Dr Dianne Newbury is looking for the genes that predispose to Specific Language Impairment, a complex genetic disorder. Two regions, located on chromosomes 16 and 19, are linked with this disorder. Interactions between several normal genetic variants and environmental factors make certain individuals more vulnerable to language problems.
This podcast presents the research done by Dr Newbury whilst working in the Nuffield Department of Medicine. Dr Newbury now works at Brookes University.
Specific Language Impairment is a disorder in the development of language, despite adequate intelligence and opportunity. Genetic variants have been shown to be correlated with reduced performance on language-related tasks. A better understanding of the underlying biological pathways might help us develop more accurate identification systems and better therapies.
Q: What is Specific Language Impairment?
A: Specific language impairment is a term which is used to describe children who have problems learning to use or understand language for no obvious reason. Lots of children have problems with language development but for a lot of those it's either just the delay which they catch up as they grow a bit older, or they have some other kind of developmental problems which are causing the language impairment. The children who we investigate with specific language impairment they have persistent and quite severe language problems and no apparent problems in any other kind of developmental domains.
Q: What is the contribution of genetics to Specific Language Impairment?

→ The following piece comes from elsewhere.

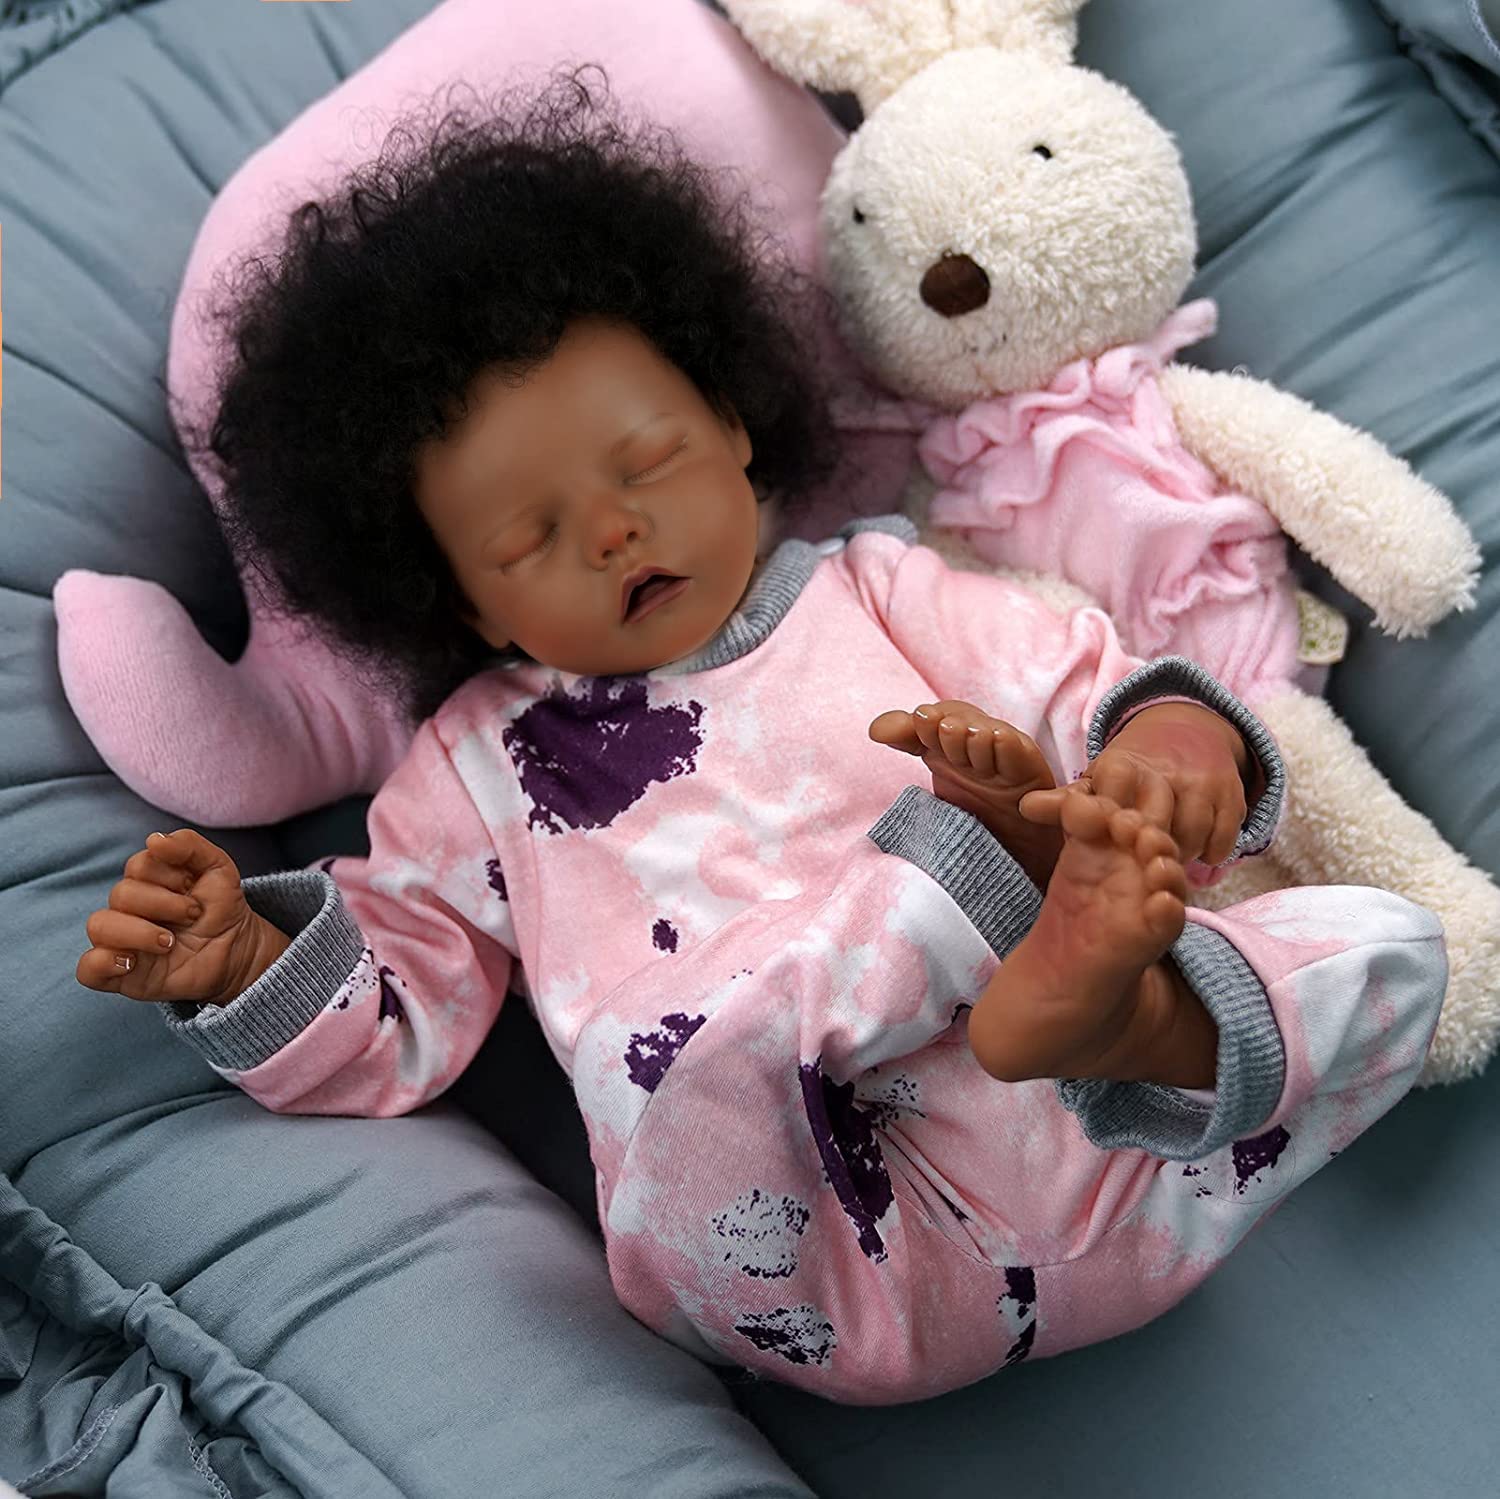 BABESIDE Lifelike Reborn Baby Dolls Black - 17-Inch Baby-Soft Body & Curls Realistic-Newborn Baby Dolls African American Real Life Baby Dolls Cloth Body w/Feeding Kit & Gift Box for Kids

A: We know that specific language impairment runs in families: if you have a brother or a sister who is affected by SLI you are about 8 or 9 times as likely to have a language problem yourself, and the same if your parents are affected, you are more likely to have language problem. We also find that twins, in pairs of twins if one is affected the other is more likely to be affected. That gives us a strong indication that there is some genetic contribution, but we don't think it's caused by a single gene mutation, we think it's combinations of common genetic variants which makes some individuals more susceptible to language problems than other individuals.
Q: What are the most important lines of research that have developed over the past 5 or 10 years?
A: We've been investigating SLI for ten years now and before we started there wasn't any molecular genetic studies done; we knew that SLI ran in families but we didn't have any idea what the genetic contributions were. When we started off, we looked at every single chromosome in a group of affected families and individuals and we narrowed it down to two regions which we believe contained genetic variants which contribute to SLI. At the moment we're looking into what those genetic variants do and how they might contribute to SLI. Over the last ten years, there's been quite a big leap in the research that's been done.
Q: Why does your line of research matter? Why should we put money into it?
A: It's a very common disorder and we don't really understand, even at the level of what is the problem that these children have, why do they have specific language problems. We're hoping that if we come at it from the genetic point of view it will give us an insight into the biological pathways that are causing these problems and the kind of developmental processes that might be underlying the disorder. We hope that this will then have a knock on effect, that we'll be able to intervene with these children earlier to develop better strategies to help them cope with their language problems.
Q: How does your research fit into Translational Medicine within the Department?
A: At the moment our research is more at the molecular level but we're hoping, once we understand these pathways, it will then lead on to translational research. Once we understand the problems that these children have, we can then combine with psychological speech therapy, that kind of research, to develop better therapies for these children. It's not in terms of diagnosing and predicting which children will be effected, it's more developing better therapies for them.